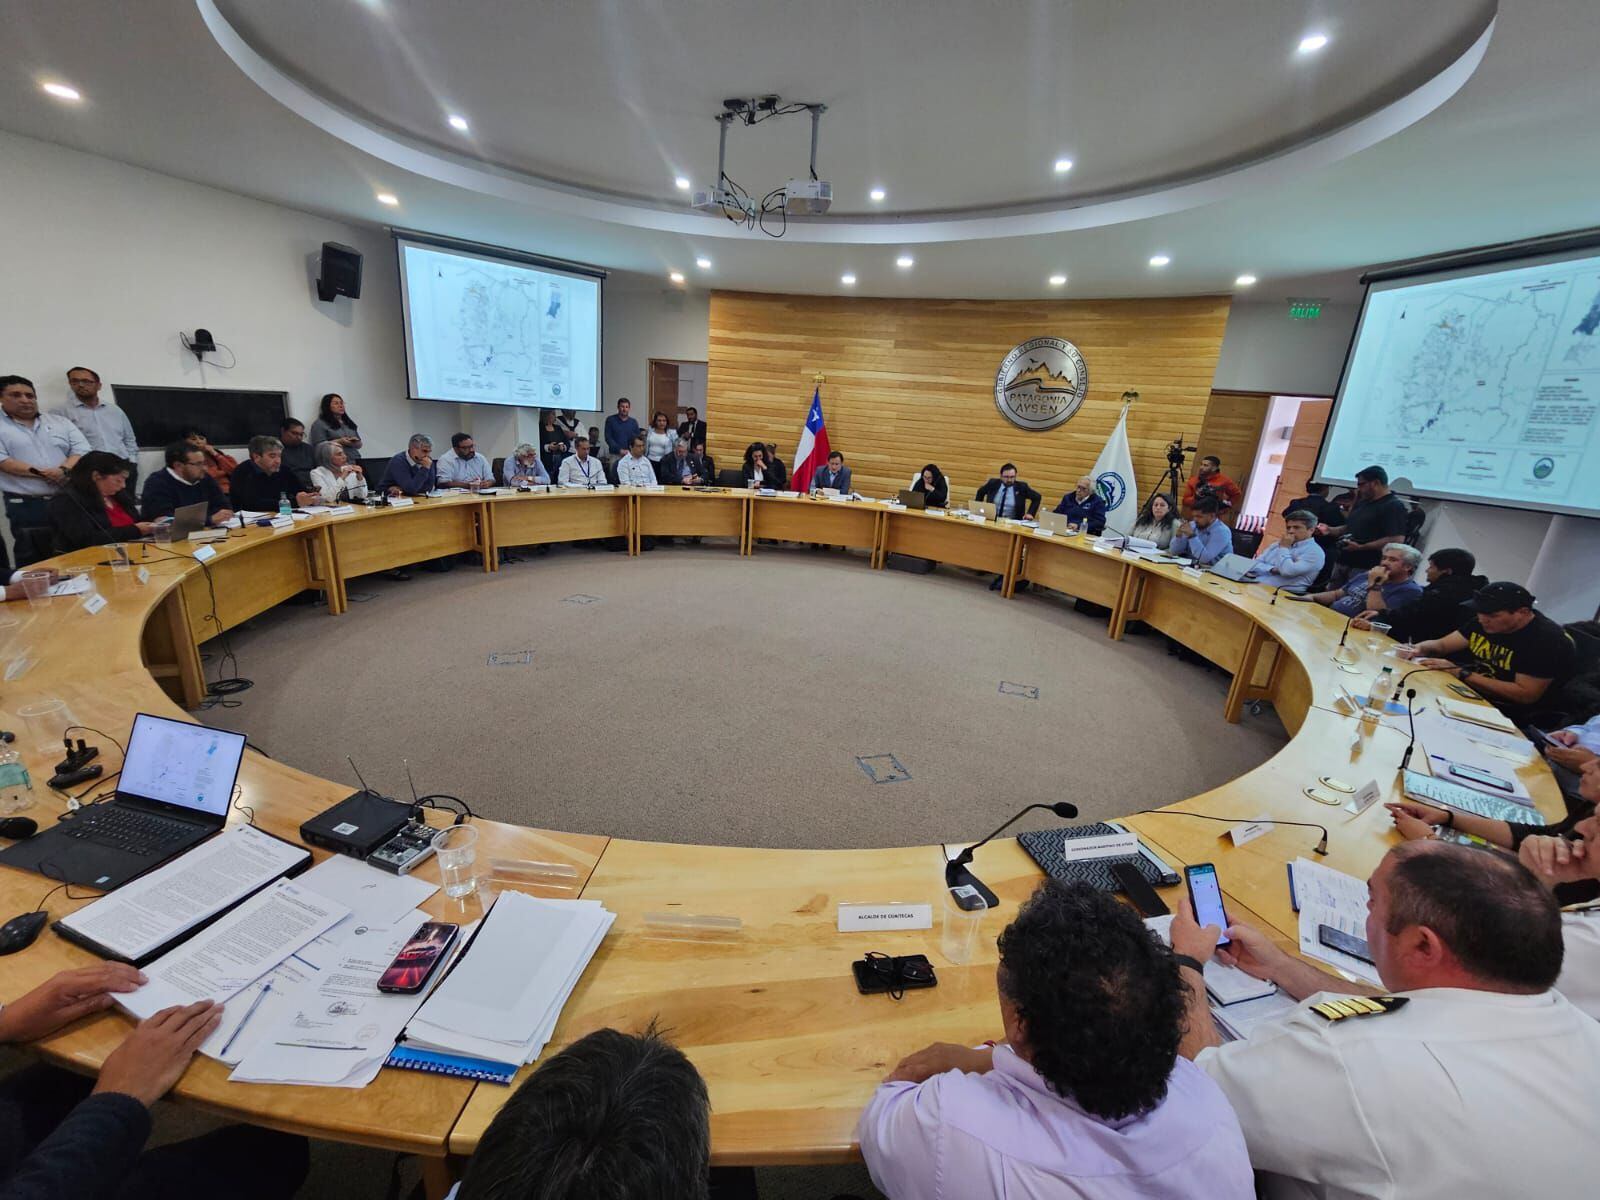 ley lafkenche: con votos del ejecutivo, comisión regional de aysén rechaza controvertida solicitud de dos comunidades indígenas
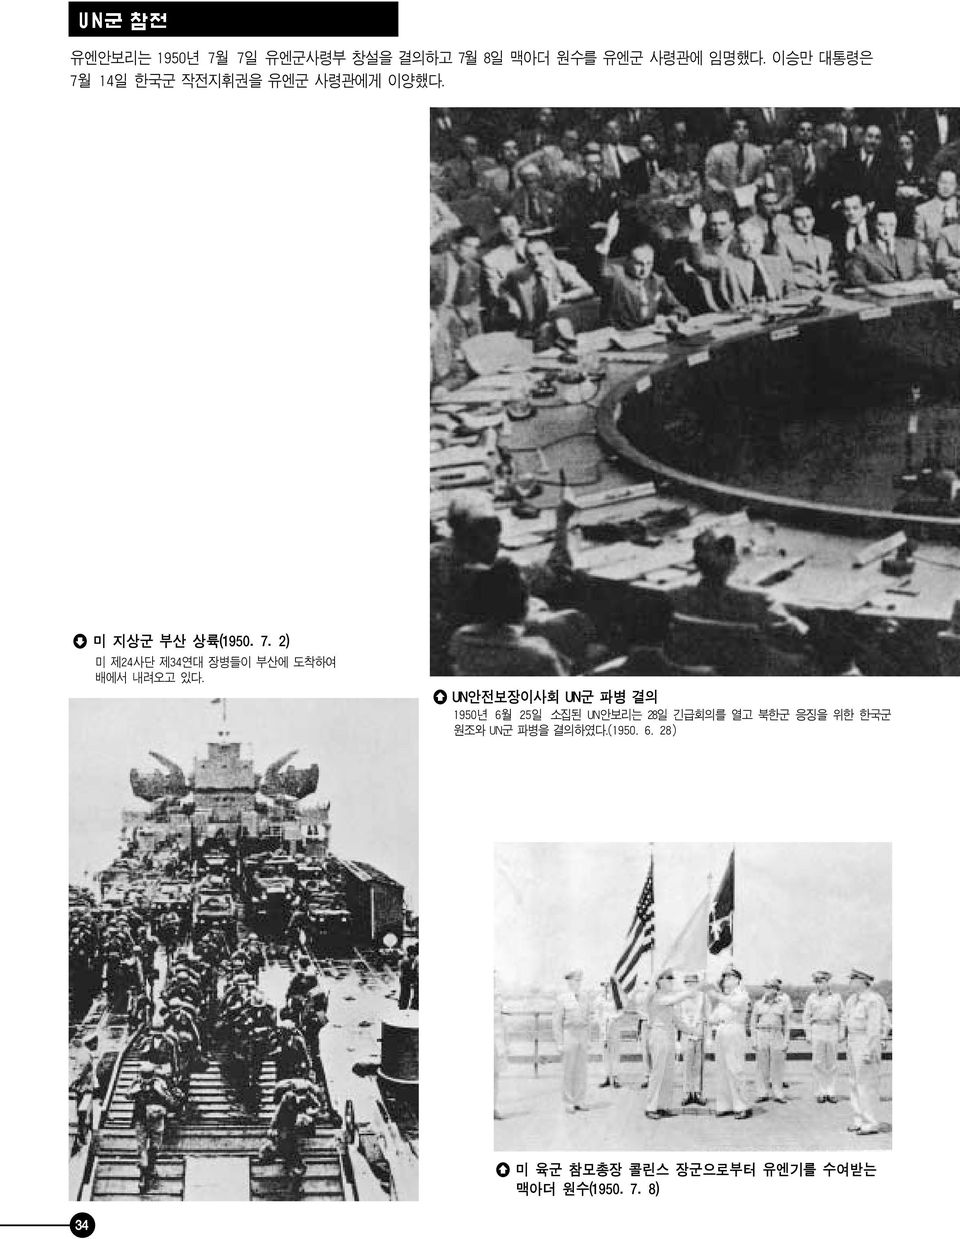 UN 안전보장이사회 UN 군파병결의 1950 년 6 월 25 일소집된 UN 안보리는 28 일긴급회의를열고북한군응징을위한한국군원조와 UN
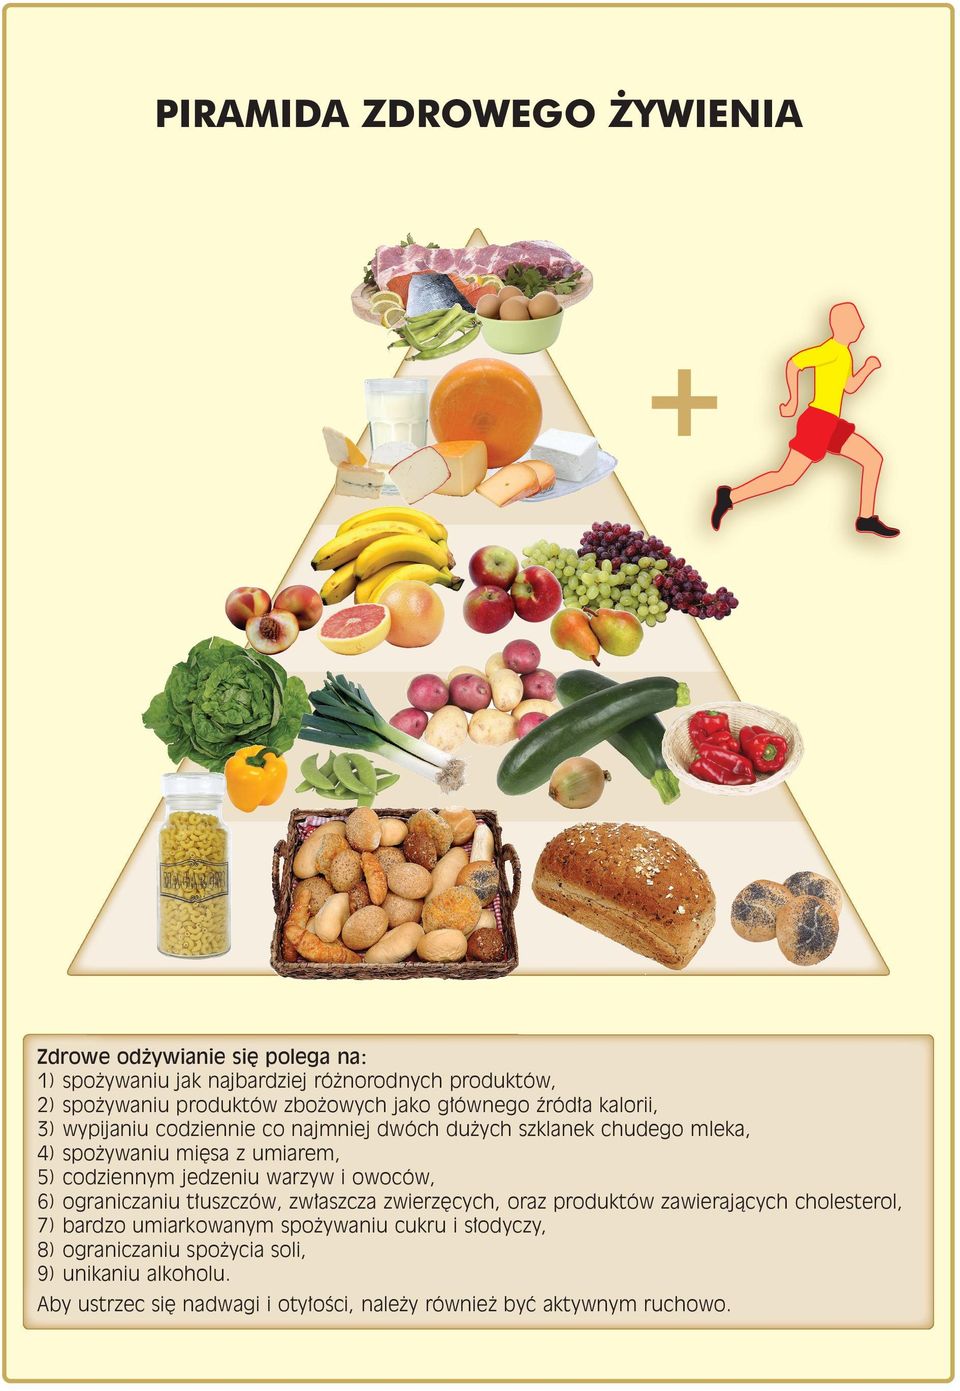 codziennym jedzeniu warzyw i owoców, 6) ograniczaniu t uszczów, zw aszcza zwierz cych, oraz produktów zawierajàcych cholesterol, 7) bardzo
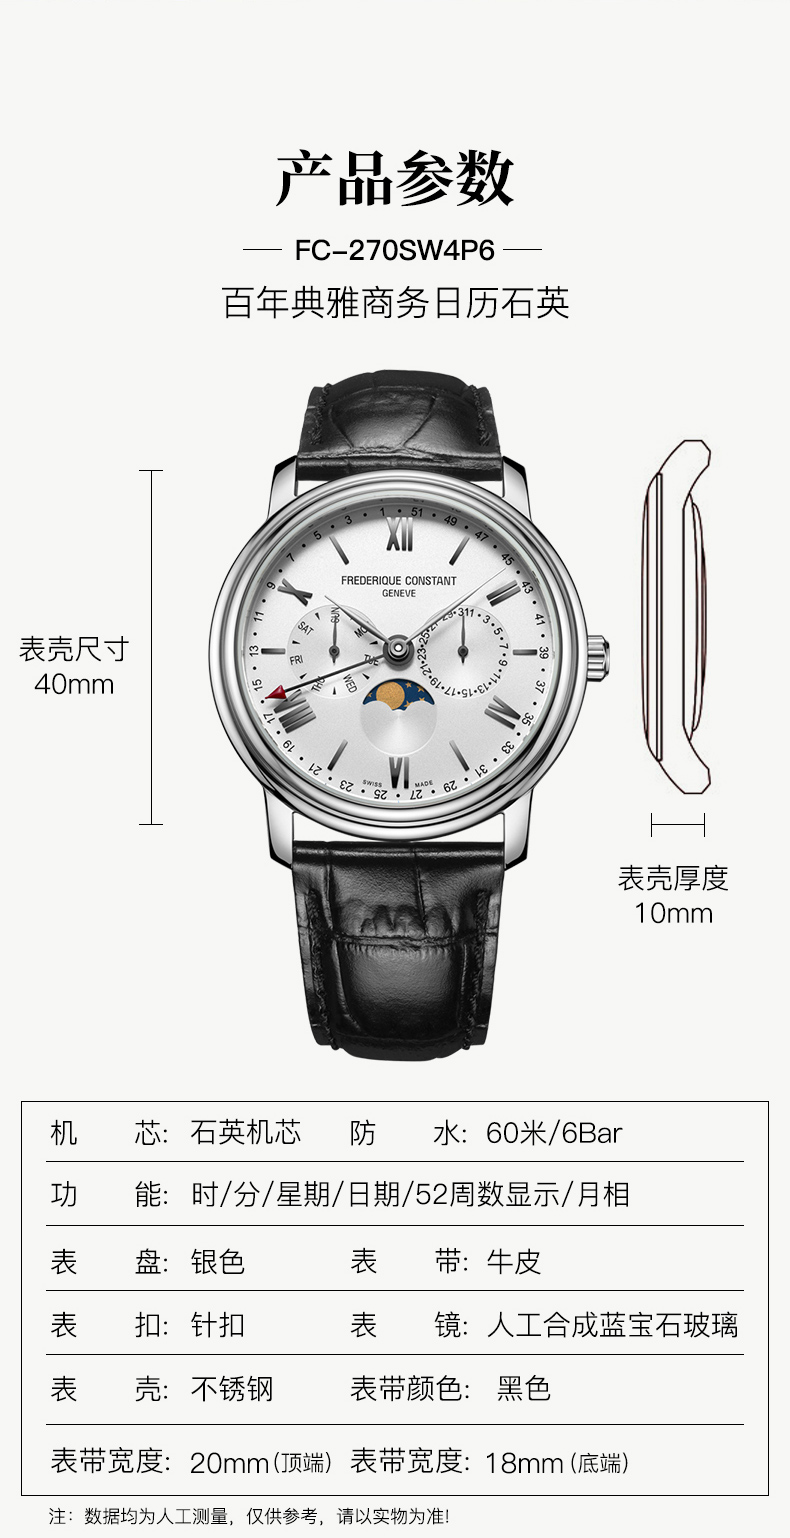 3、请问FREDER丨QUE cONSTANT GENEVE，品牌手表是多少，价格是多少。
+-------+
● **Problem description**
I would like the data above transcribed exactly, with its pictures left out.

● **Exercise result**
 ley lafkenche: con votos del ejecutivo, comisión regional de aysén rechaza controvertida solicitud de dos comunidades indígenas
 UN 안전보장이사회 UN 군파병결의 1950 년 6 월 25 일소집된 UN 안보리는 28 일긴급회의를열고북한군응징을위한한국군원조와 UN
 codziennym jedzeniu warzyw i owoców, 6) ograniczaniu t uszczów, zw aszcza zwierz cych, oraz produktów zawierajàcych cholesterol, 7) bardzo
 3、请问FREDER丨QUE cONSTANT GENEVE，品牌手表是多少，价格是多少。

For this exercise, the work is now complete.